# Front Doorstep Stainless Steel cover



## darrenkarp (2 Dec 2004)

Hi,

Not certain if this is quite the correct forum to post this question but our new front door hardwood frame needs to be protected against pesky children (and adults!). Can anyone advise where I could buy some form of stainless still sheet which can be used as both a protector for the sill itself and a boot scrape? It would be preferable if this sheet was of standard size and bent to cover the lip of the sill already, but if not then no problem.

Regards
Darren


----------



## Newbie_Neil (2 Dec 2004)

Hi Darren

I would try here: -

http://groups.google.com/groups?hl=en&lr=lang_en&ie=UTF-8&oe=UTF-8&group=uk.d-i-y

Cheers
Neil


----------



## darrenkarp (2 Dec 2004)

Hi Neil,

I followed you link but couldn't see anything that matched my requirements.

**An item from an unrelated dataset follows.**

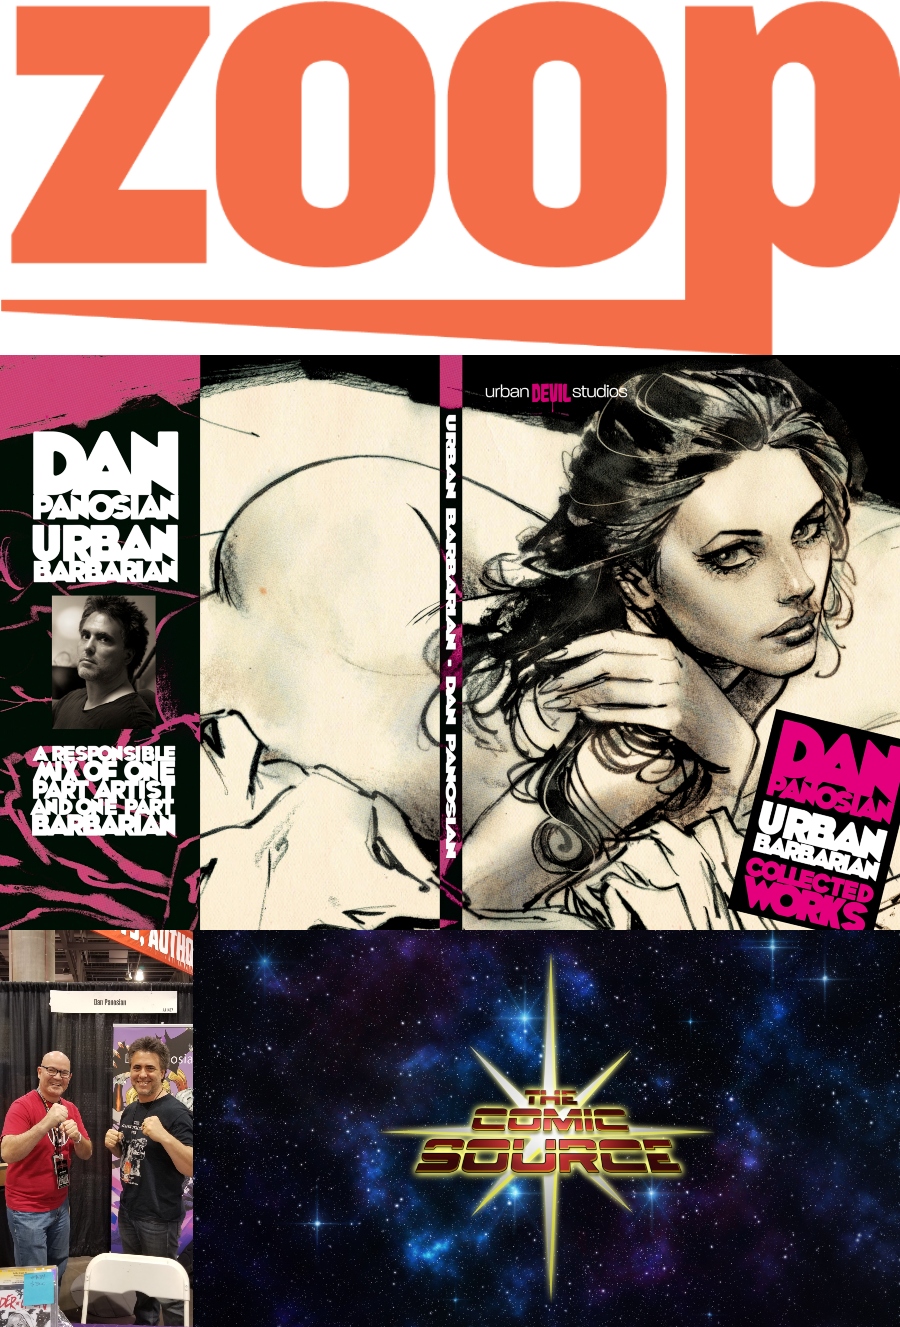 Urban Barbarian Collected Works with Dan Panosian: The Comic Source Podcast

Are you sure you replied to the right post?

Cheers
Darren


----------



## Noel (2 Dec 2004)

Darren,

Think Neil was suggesting that you post your question at uk.diy. But give it a little time here and I'm sure somebody can help.

Noel


----------



## frank (3 Dec 2004)

darren try a builders merchant if they havent got one they might know a man that has . ask for door sills 

frank


----------



## Newbie_Neil (4 Dec 2004)

Hi Darren

Sorry for not making myself clear.

Noel was right, in that I was suggesting that you might get a quicker result by posting your question on the diy forum.

I have found it to be excellent.

Cheers
Neil


----------



## Alf (4 Dec 2004)

Metal fabricators; at least I think that's what they're called.

Cheers, Alf


----------



## Anonymous (4 Dec 2004)

Probably not relevant but I'll suggest it anyway.

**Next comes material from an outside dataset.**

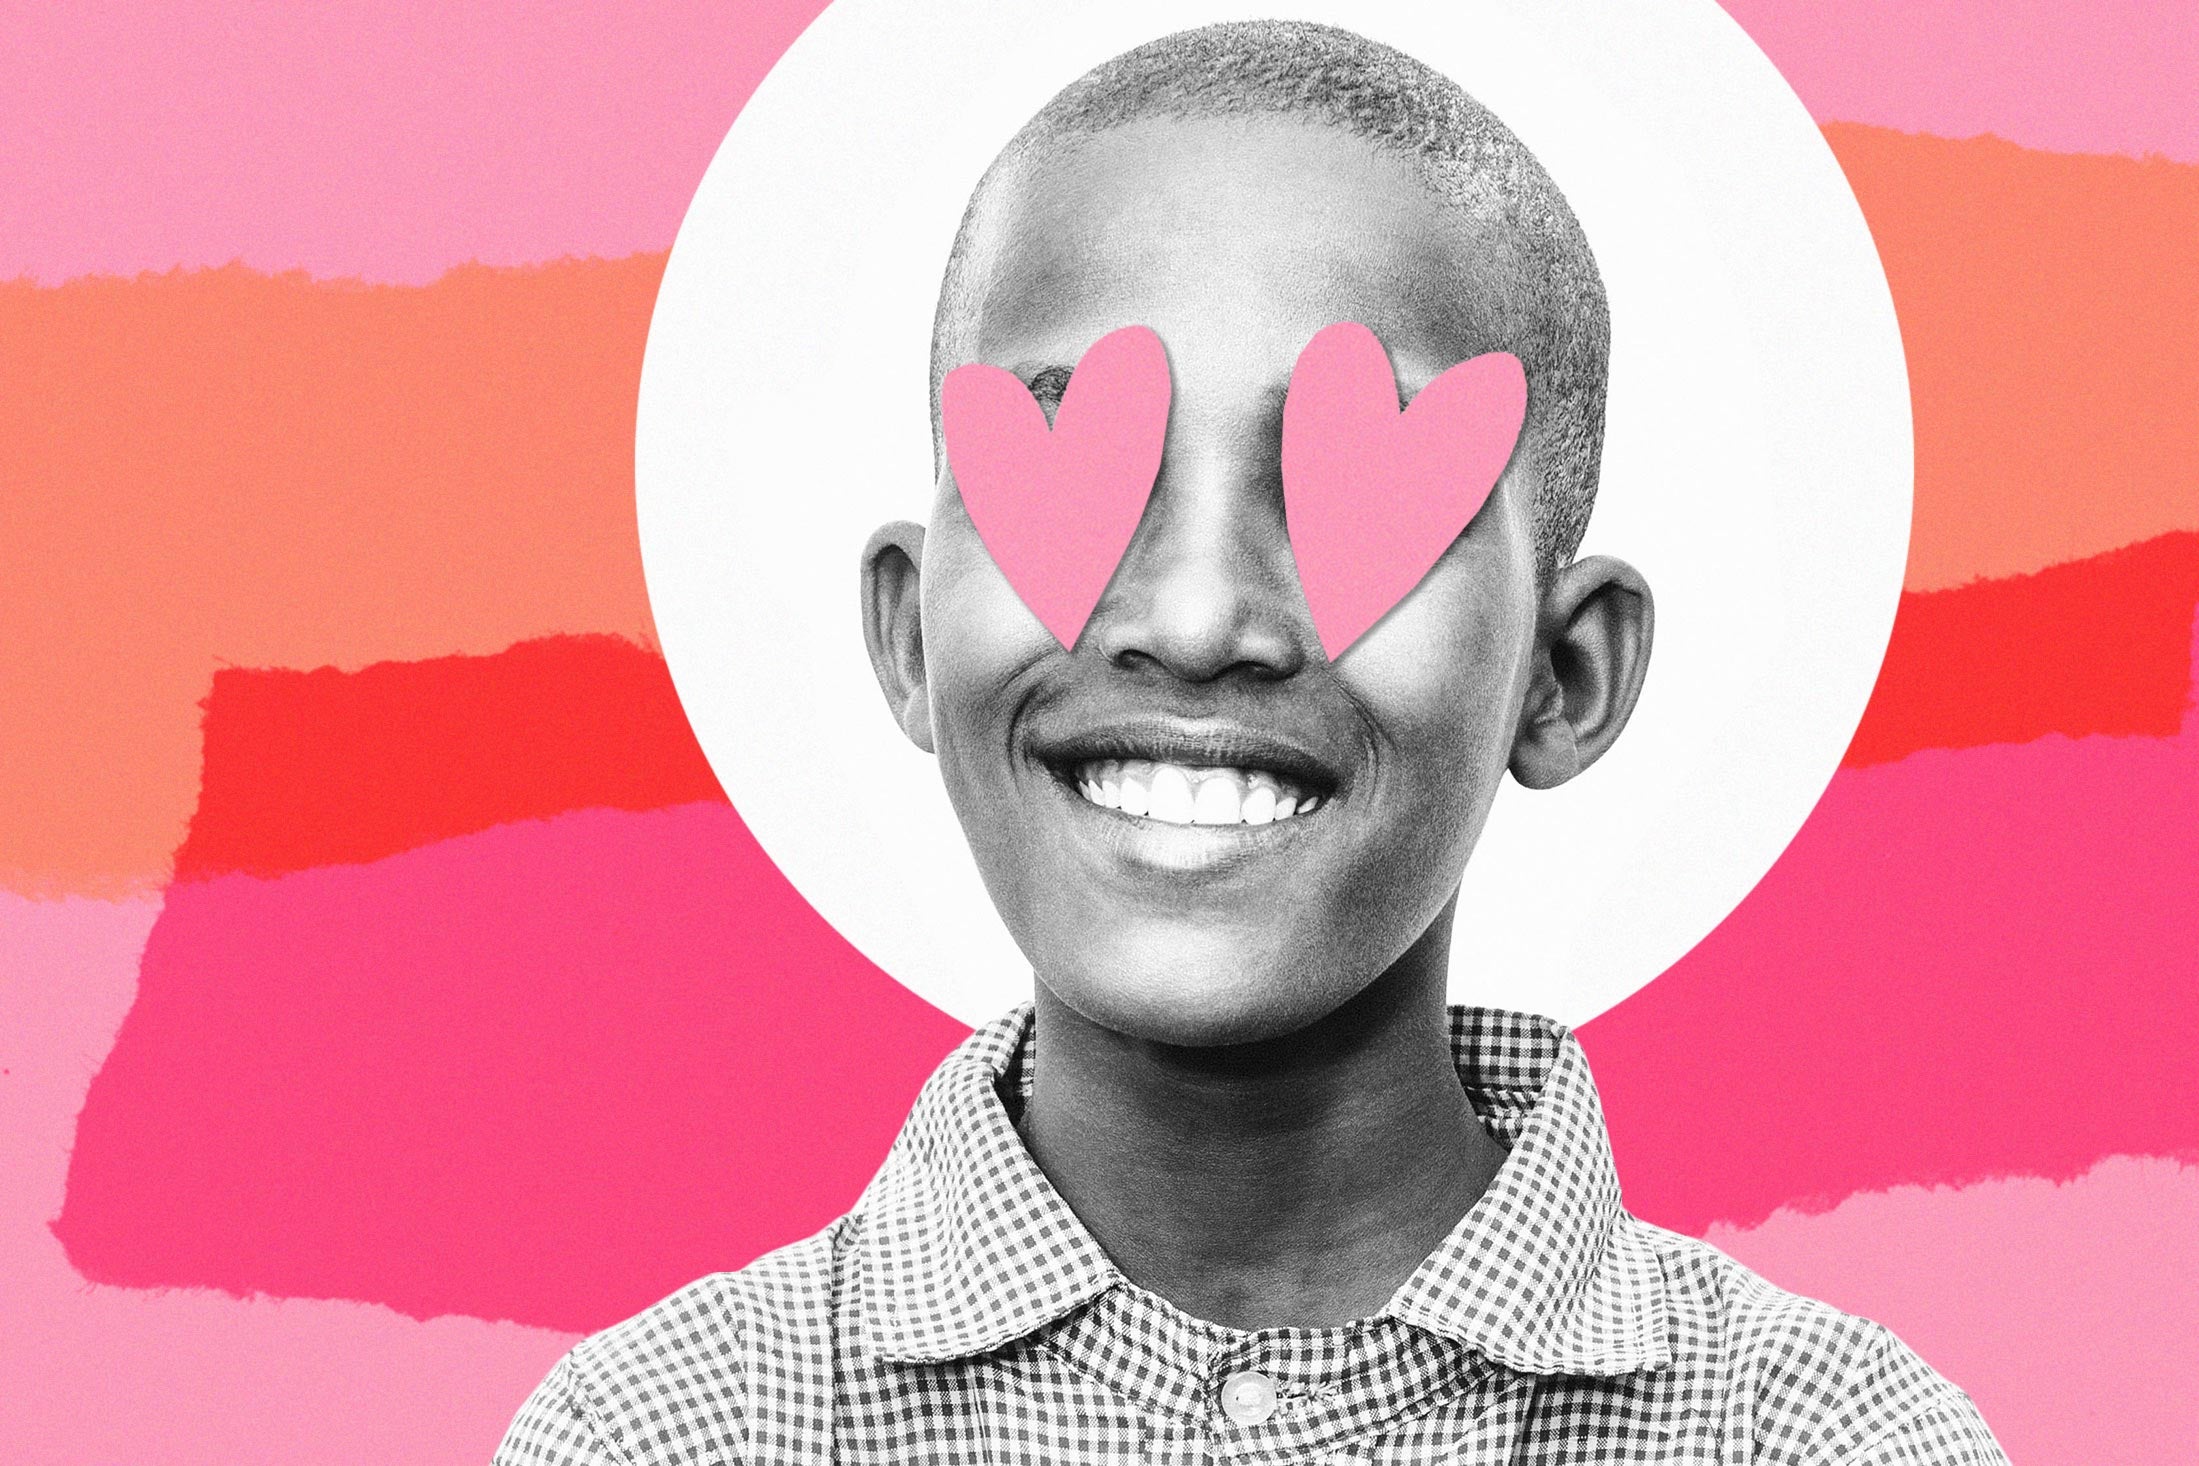 13 year old boy with hearts over his eyes, photo collage.

Land Rover vehicles have a type of stainless steel plate that is put on the tread sills of the vehicles. I honestly don't know what it is called, it has a diagonal pattern on it and could possibly be suitable. I guess Land Rover accessories places might stock it.

Andrew


----------



## jasonB (4 Dec 2004)

Its called checker plate and the ones on landrovers are alloy.

Any metal fabricator with a break press should be able to bend up a bit of stainless sheet to whatever profile you require. I have seen ribbed aluminium door step covers in several ironmongers.

Jason


----------